Я вновь повиновался, увлекаемый в вакуум трансгрессии. На холме высились настоящие, а не замаскированные руины Вышеградской крепости. Немного послонявшись по достопримечательностям средневекового городка, в котором на нас могли в свое время как надеяться, так равно и предать огню за ведьмовство, хлебнули духа его волшебства. Далее наш маскировочный путь лежал пешком. Совсем не утомительно, через поля и лес, скорее по ровной местности –холмистая оставалась по другую сторону реки.
На исполинской поляне, укрытой от постороннего взгляда естественным способом: несколько углубленным положением относительно остального уровня земли и грядой почти полностью сгладившихся древних гор, – располагалось прекрасно оснащенное поле для квиддича.
– Это центральный стадион всей Венгрии. По мировой классификации на двенадцатом месте по степени защищенности! – не без гордости вещала мадьярка.
Наши действия были как кощунственны и отталкивающи, так и умны, расчетливы. Некоторое количество народа могло свидетельствовать при случае, что видело нас именно здесь. На вооружении у нас, как у преступников со стажем, всегда была возможность чистки памяти.

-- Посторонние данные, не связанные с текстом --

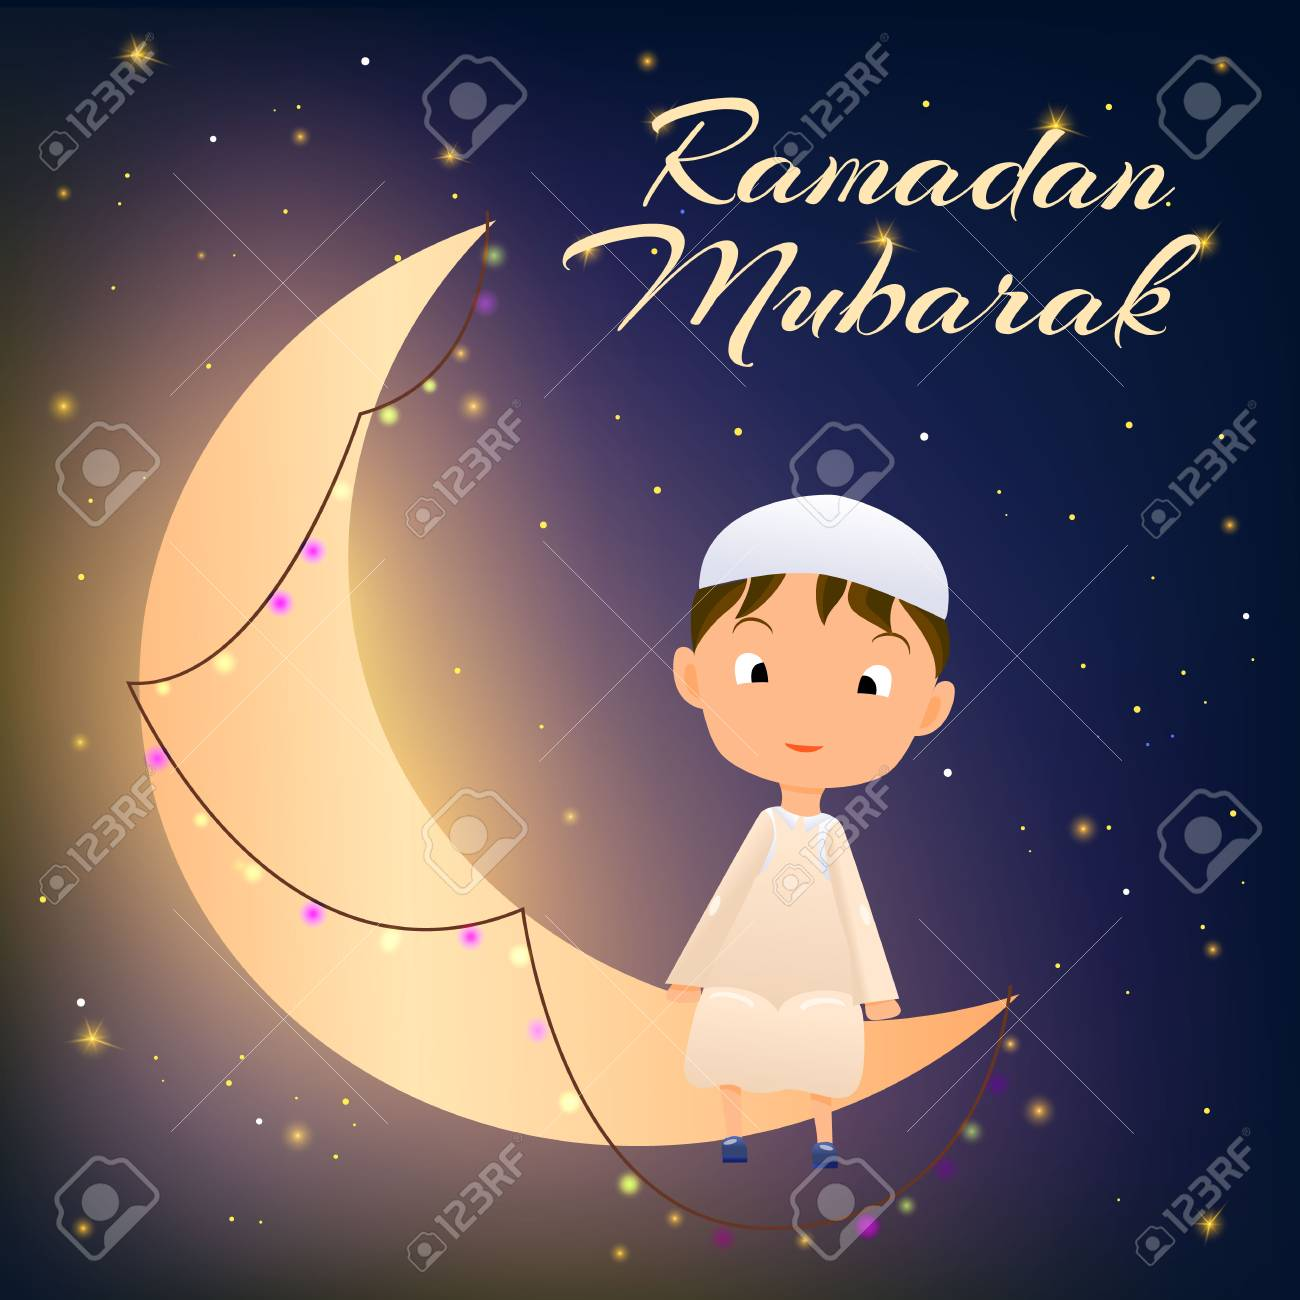 Ramadan kareem greeting card for muslim celebration ramazanhappy ramadan kareem greeting card for muslim celebration ramazanhappy muslim kid on moon crescent card m4hsunfo

Матчи в теплое время года проводились на регулярной основе. Время следующего близилось. Но мы еще немного прогулялись, купив по пирожку с ливером (есть хотелось со страшной силой) и флажку. Марийка рассказала мне, как полному профану в квиддиче, что лучшей командой Венгрии являются «Вышеградские воробьи». Мы купили билеты и присели на трибуны, наслаждаясь легким весенним ветерком, свежестью воздуха и захватывающей игрой. Не болгары, конечно, но колорит квиддича Восточной Европы ни с чем не спутаешь.
Виртуозные летуны проносились перед глазами, выделывая всевозможные финты. А от комментариев в самое ухо мурашки дружно топали по спине.
– А я не летаю… на метле…
В ответ она округлила глаза и ухватила меня за руку, давая понять, что мое свободное время отныне занято.
Но я ведь не говорю, что не летаю вообще. Способность к подвижной самолевитации с некоторым ускорением и присущими действу спецэффектами вызывает неприятные ассоциации. Предмет это темный, не имеющий ничего общего с распространенным левикорпусом, являющимся ничем иным, как детской забавой.
Номерок в частной гостинице открывал чудесный вид с маленького балкончика на цветущий палисадник. Вечерело, воздух немного посвежел. Но мы не спешили закрывать деревянные ставни и распахнутые настежь створки окна. Тем более я мог обнимать любимую, трансфигурировавшую простынь в широкую сорочку до пят с рукавами. Странное дизайнерское детище съезжало с одного плеча, обнажая его острые косточки.
– Думаешь остаться?..
В искусстве задавать трудные вопросы нет ничего сложного. Надо только самому быть готовым к любому ответу. Не то чтобы в жизни не хватало элемента драмы. Мы не на ярмарочной площади познакомились и почувствовали все, что нас теперь объединяло. Не хотелось просто, чтобы оставались недомолвки и планы «Б» на личную жизнь.